What this task involves >> Every line of the material is to be returned verbatim. Pictures stay out.

Source data >>
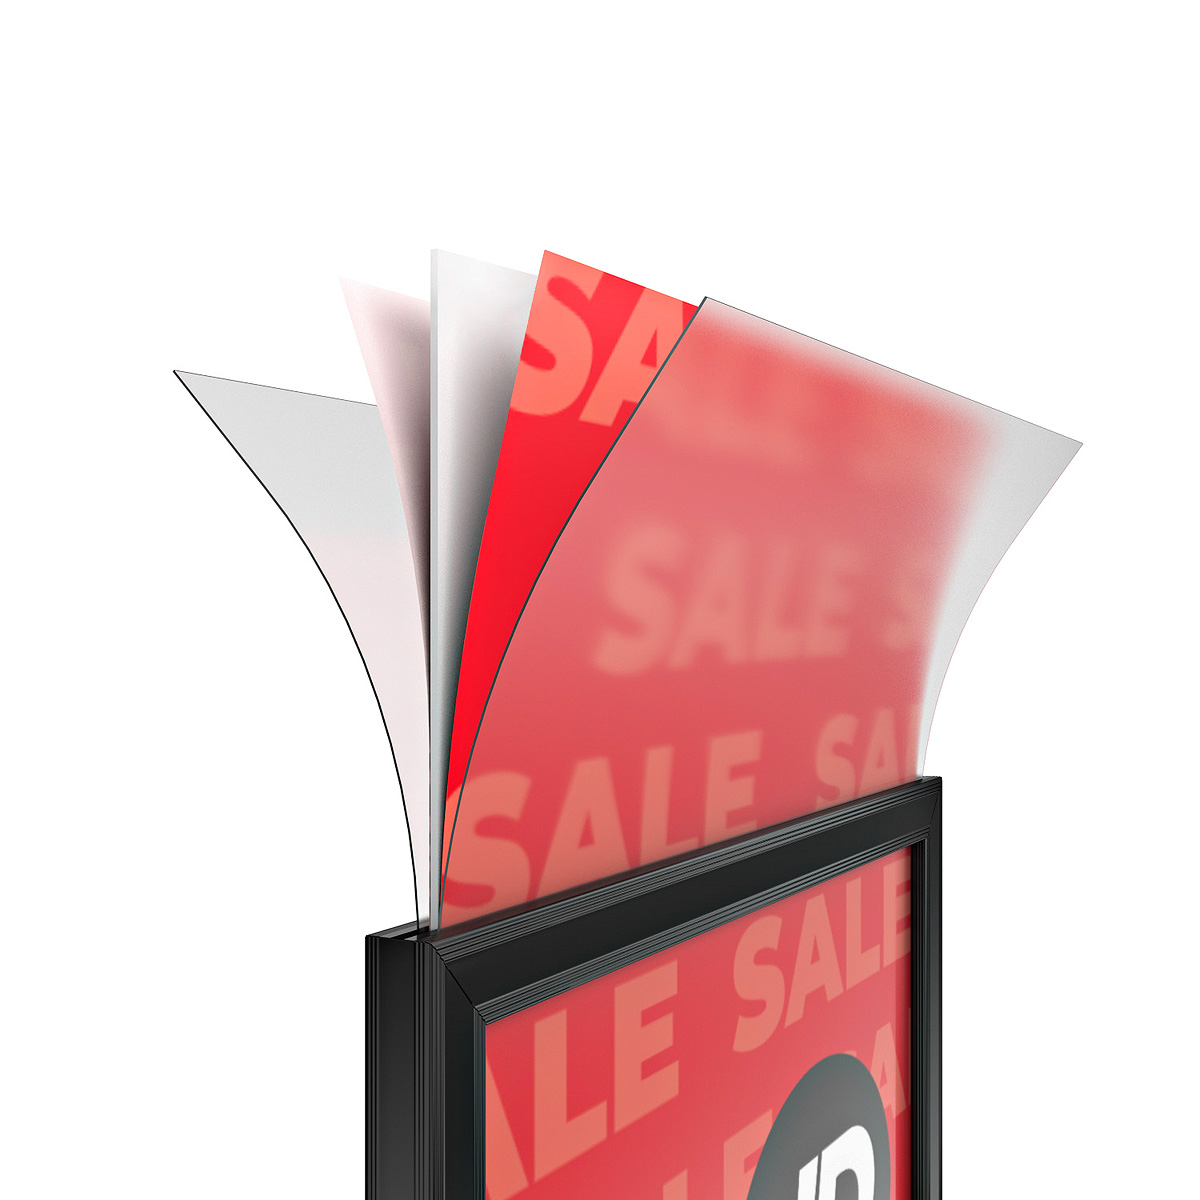 WindPro Slim Tall Pavement Sign Posters Are Inserted in The Top of The Frame
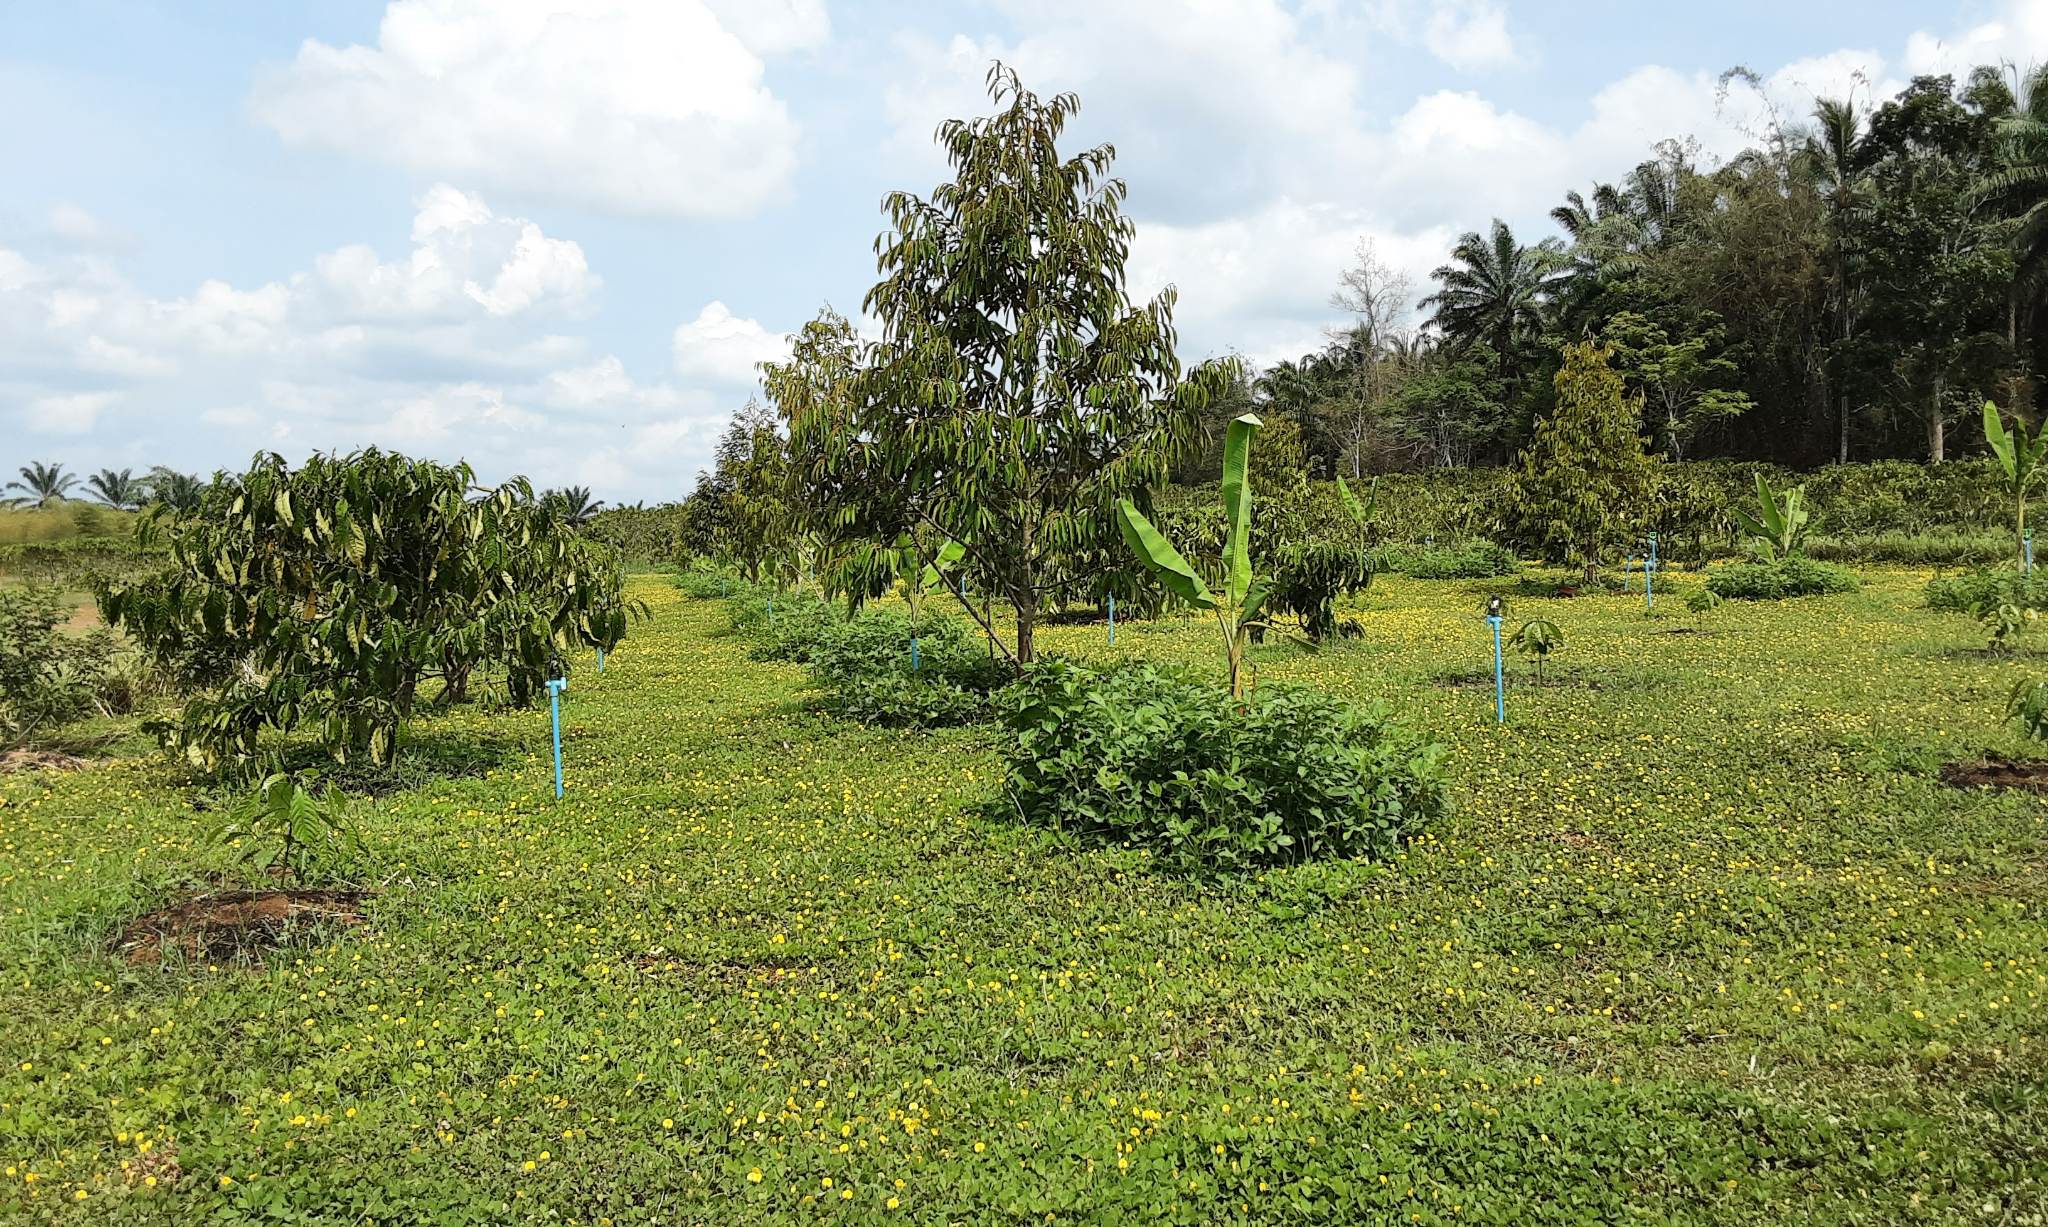 Intercropping model: planting coffee with banana, durian and cover crops such as peanut and arachis pintoi
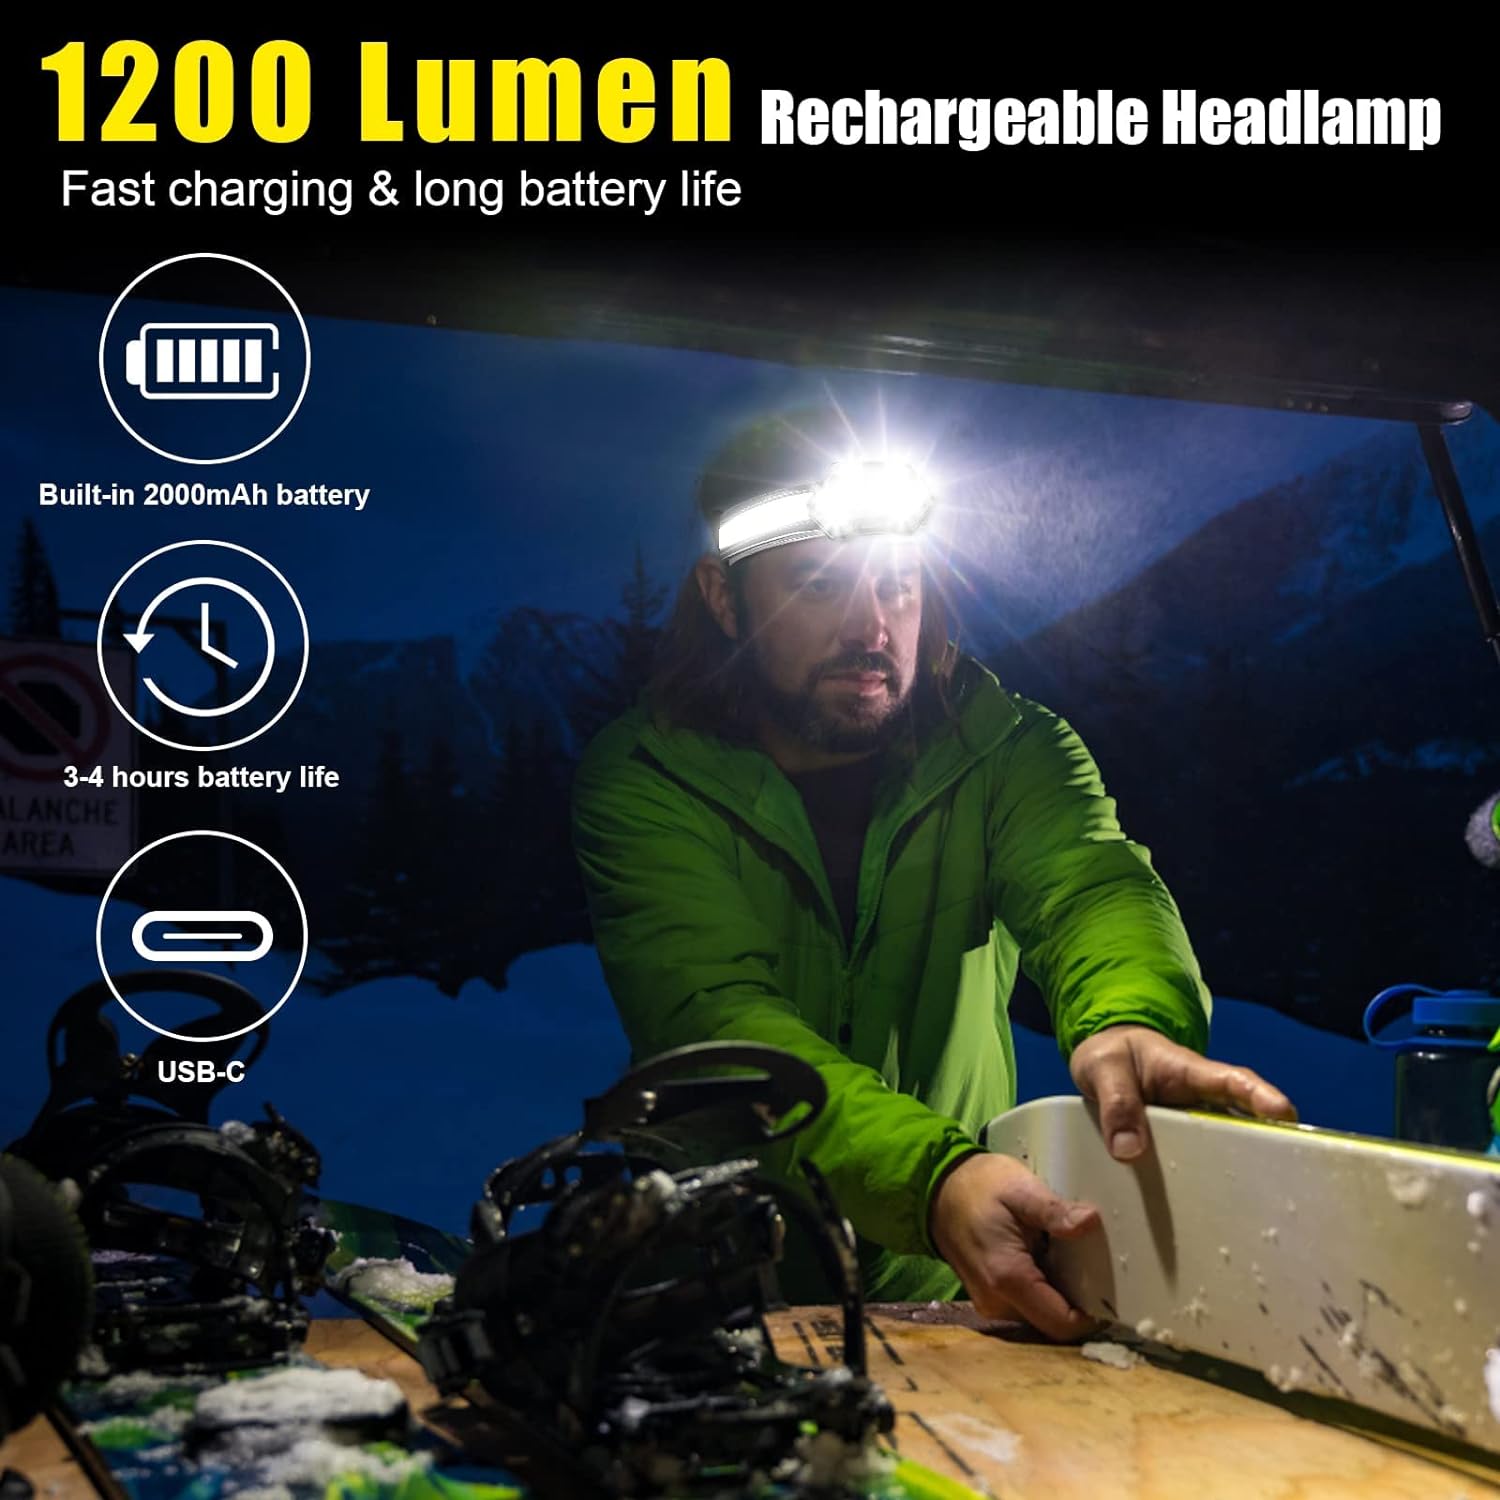 LED Headlamp Rechargeable, 1200 Lumen Super Bright Headlamp Flashlight, 270Ã‚° Wide Beam LED Headlamps with Red Taillight, 8 Mode Lightweight Waterproof Head Lamp for Outdoor Camping Fishing Running

Solution for this exercise >>
 WindPro Slim Tall Pavement Sign Posters Are Inserted in The Top of The Frame
 Intercropping model: planting coffee with banana, durian and cover crops such as peanut and arachis pintoi
 LED Headlamp Rechargeable, 1200 Lumen Super Bright Headlamp Flashlight, 270Ã‚° Wide Beam LED Headlamps with Red Taillight, 8 Mode Lightweight Waterproof Head Lamp for Outdoor Camping Fishing Running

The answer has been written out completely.